# Dehydrated mashed potatoes



## tony2k35 (Mar 26, 2012)

Can you or have you dehydrated mashed potatoes?


----------



## Davarm (Oct 22, 2011)

I tried, but the way I did it.....not so good. They came out hard and took quite some time to rehydrate. I could have ran the resulting pieces through a grain mill but was lazy and thought that their had to be a better way to do it.

I lost interest and didn't pursue it. I may go back when the garden slows down and try it again.

Someone probably will chime in and tell where I messed up and give a better process for it.


----------



## The_Blob (Dec 24, 2008)

Potato flakes are so cheap I usually don't bother doing it myself. But the way I do it (the lazy way  ), is to run them thru a juicer.

That takes much of the fluid (which is a natural thickener and can be used to make other things, like gravy... mmmm! ) out already, and purees the potato, skin & all! I dehydrate that & then use a food processor to pulverize it to flakes/powder. It's so fine that when I pour boiling water in to reconstitute it, the absorbed water cooks it as well.

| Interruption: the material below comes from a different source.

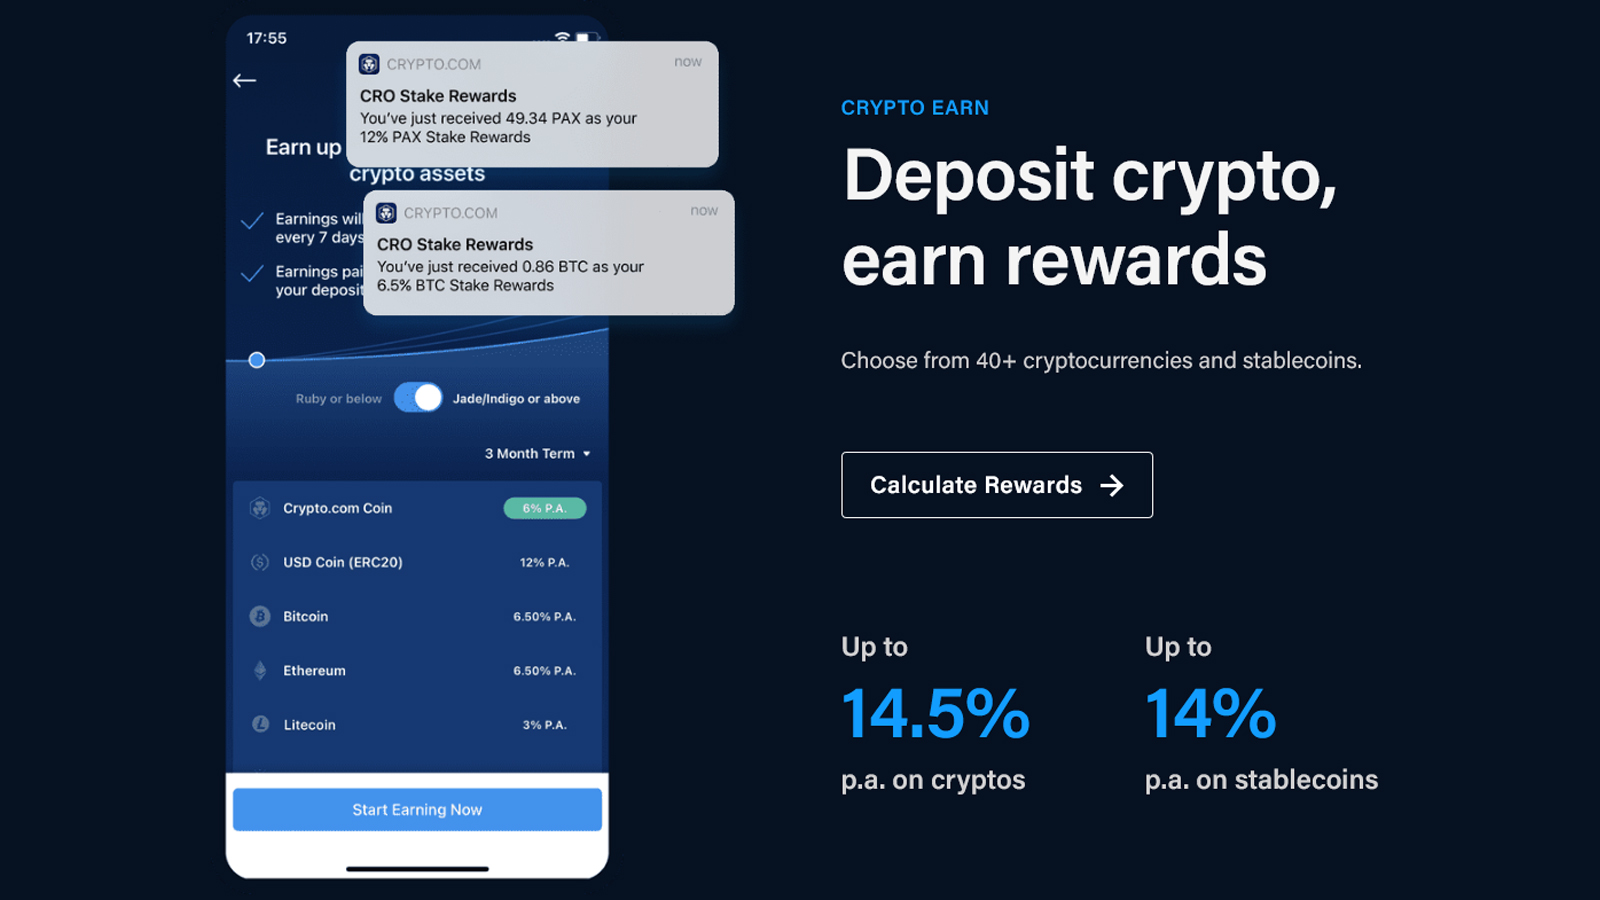 Find detailed information about Crypto.com

P.S. the generic magik-bullet is the gadget I use for the above, it's compact and uses little electricity.


----------



## tony2k35 (Mar 26, 2012)

Thanks for the advice, I was wanting to do something as a starch for dehydrating.


----------



## drissel (Oct 23, 2011)

I take left over mashed potatoes and use my jerky gun and dehydrate them after I flavor them with cayenne, garlic, onion, chile, chipotle or any combination of them...then just use them for a snack....taste great...


----------



## dmkoza (Mar 29, 2012)

The_Blob, that is and awesome way of doing Instant Potatoes!! I like it!! Thanks!!


----------